Data block.
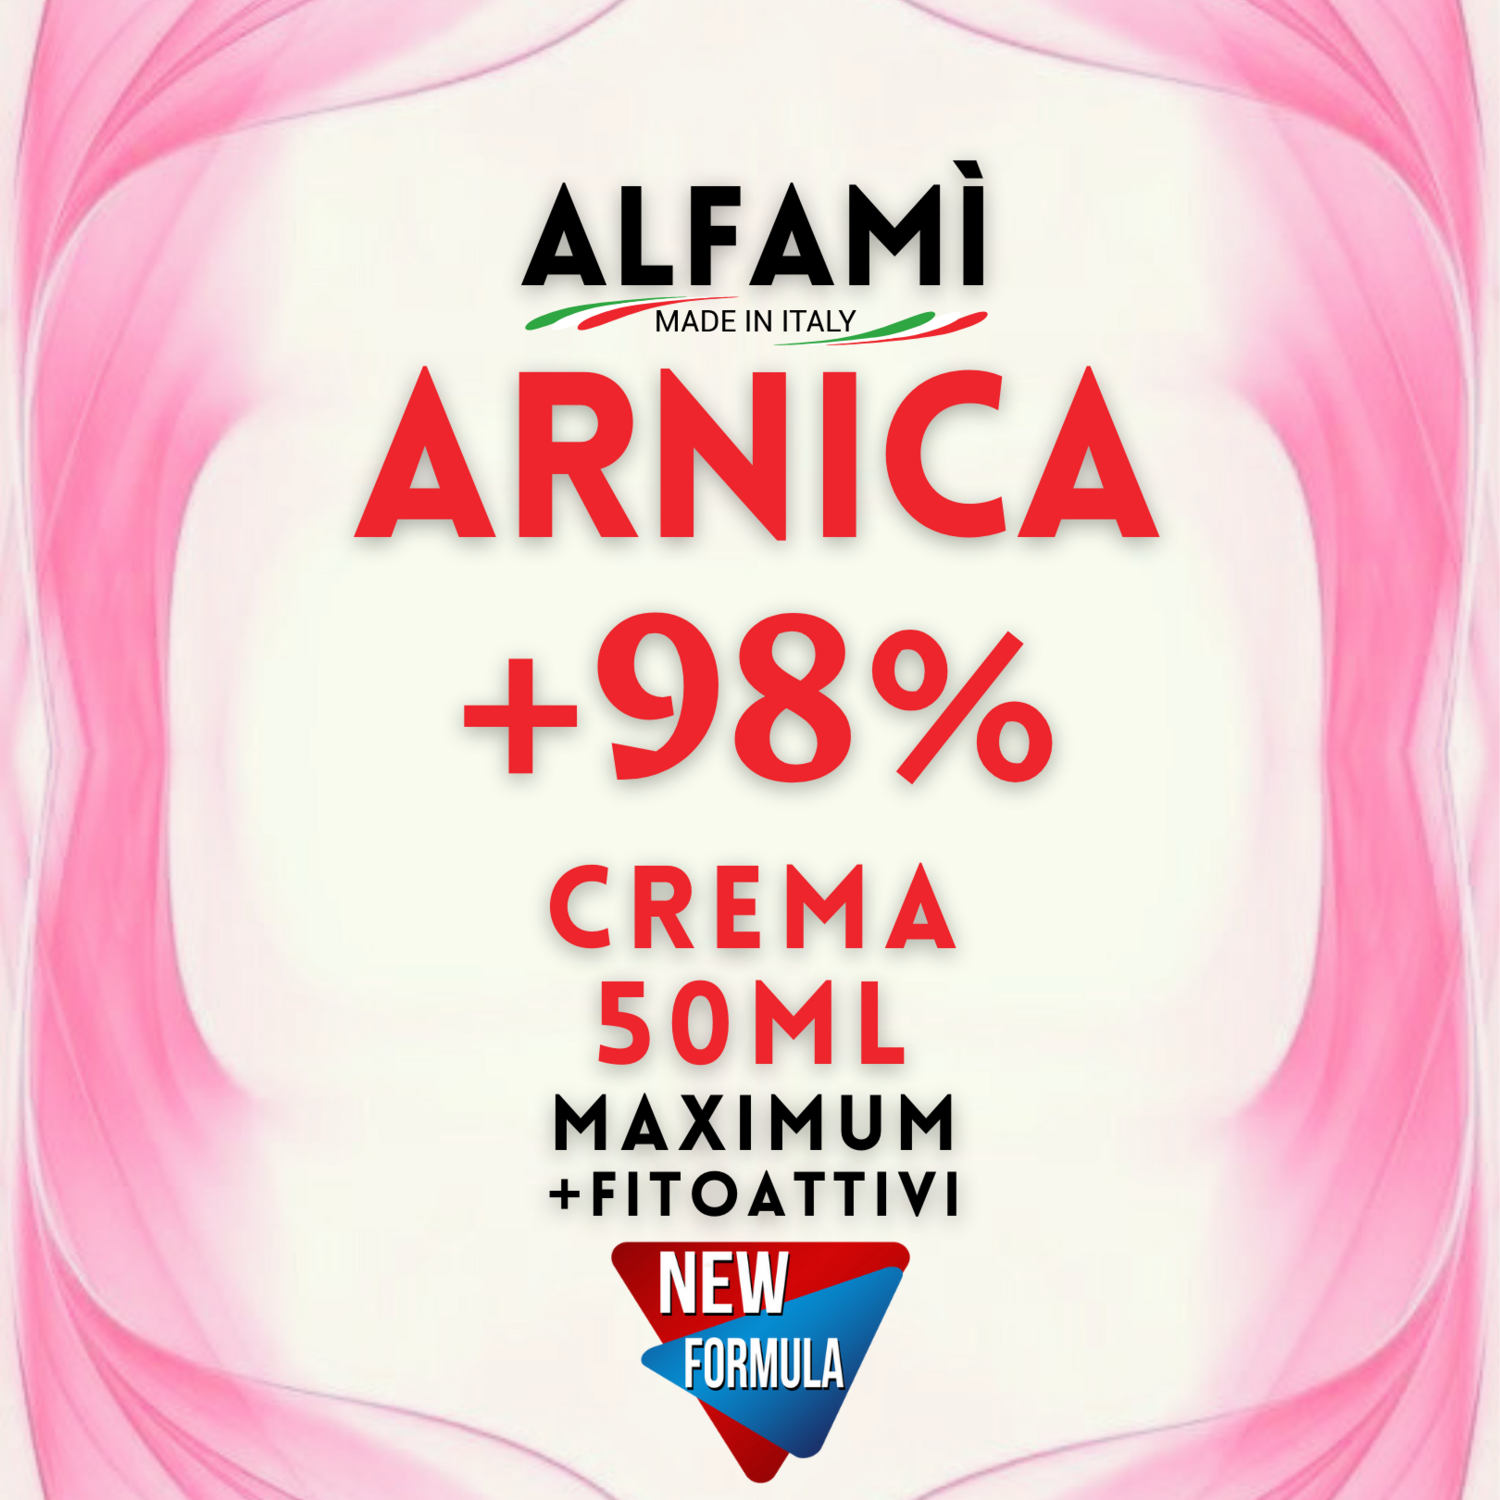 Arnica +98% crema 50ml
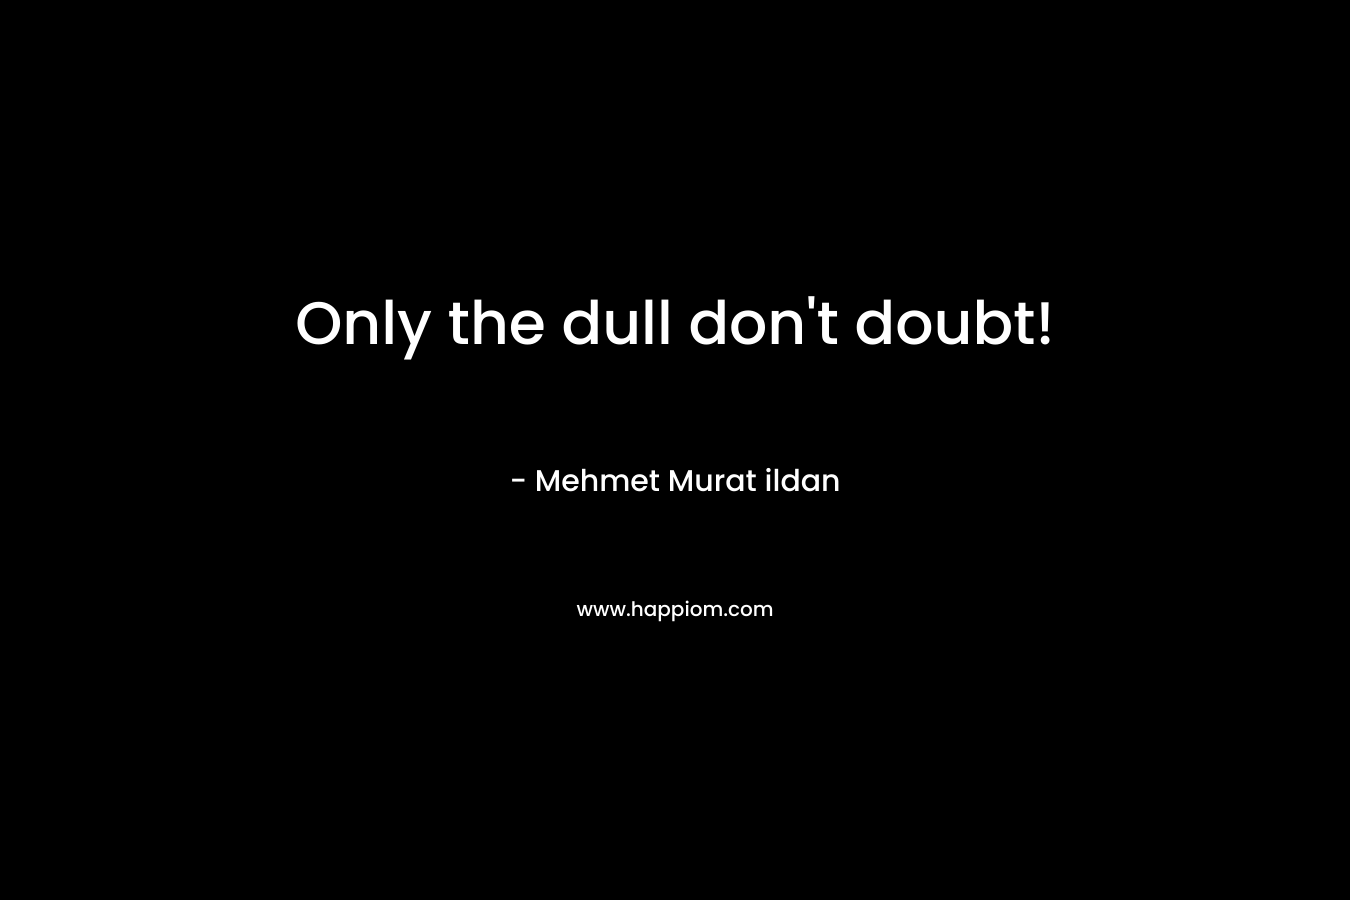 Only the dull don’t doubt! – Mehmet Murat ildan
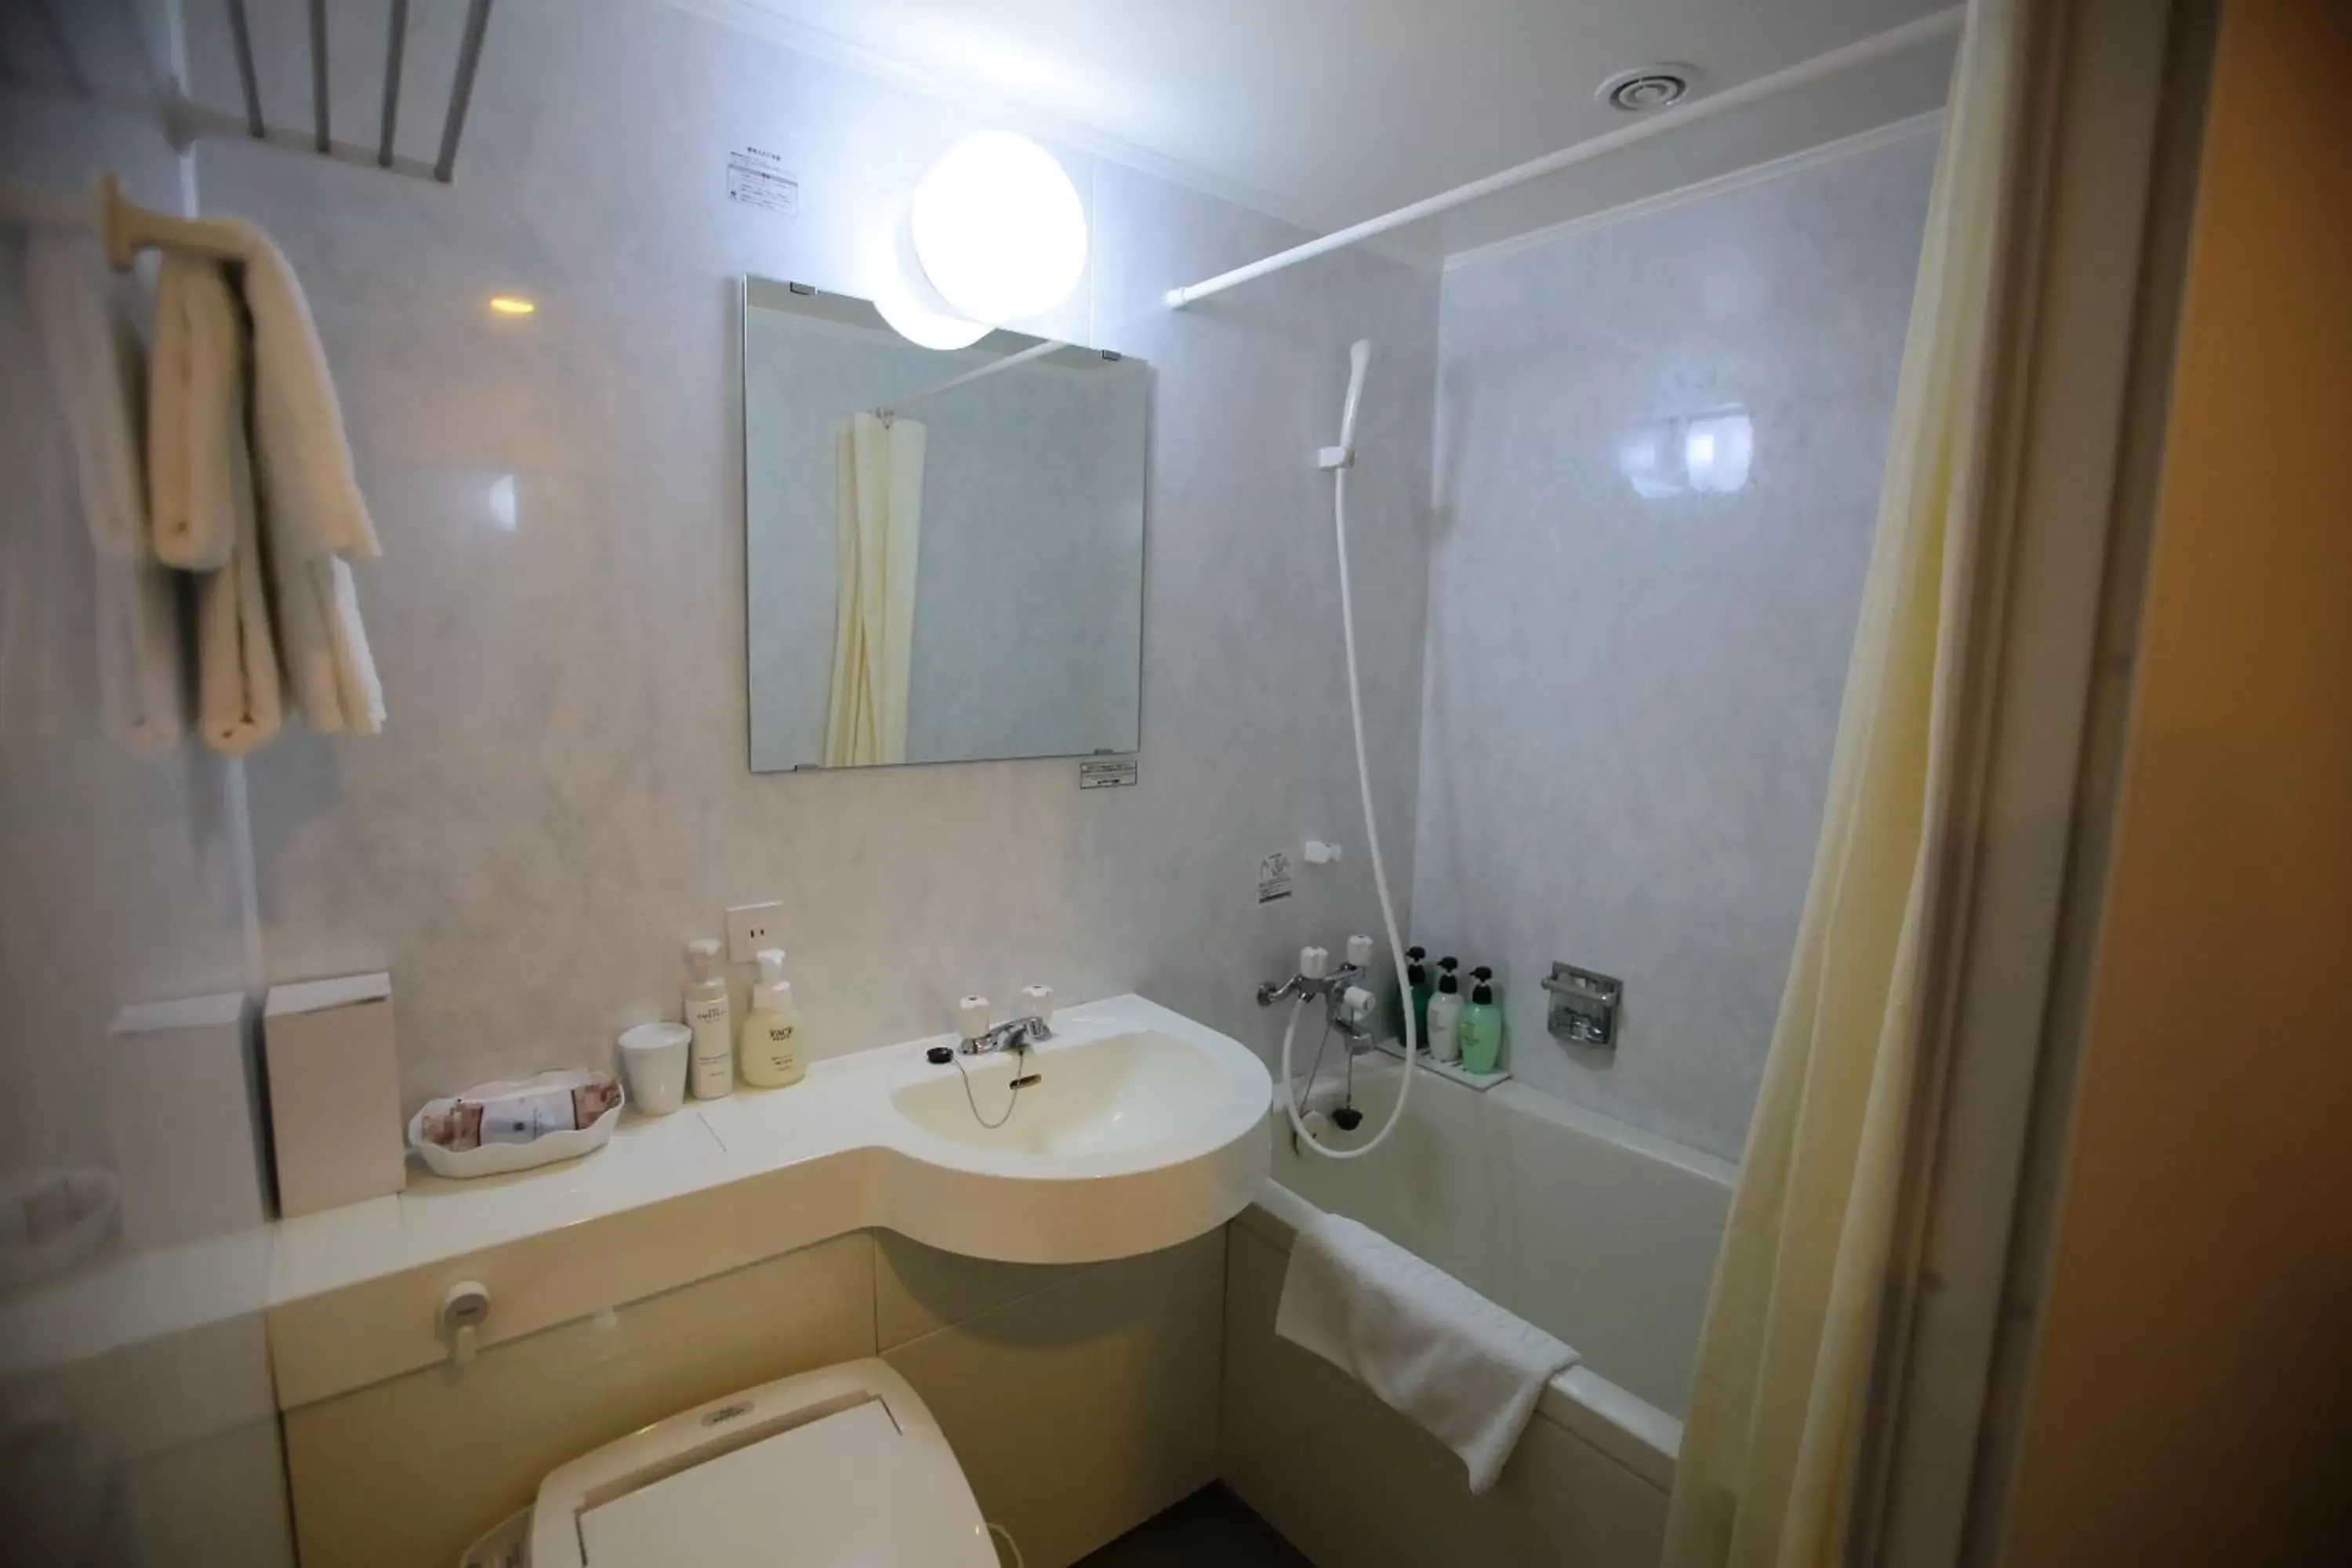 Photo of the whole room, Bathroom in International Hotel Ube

Goal of the exercise. The answer is the full listing above, repeated exactly, with its pictures removed.

Reply to the task.
 Arnica +98% crema 50ml
 Only the dull don’t doubt! – Mehmet Murat ildan
 Photo of the whole room, Bathroom in International Hotel Ube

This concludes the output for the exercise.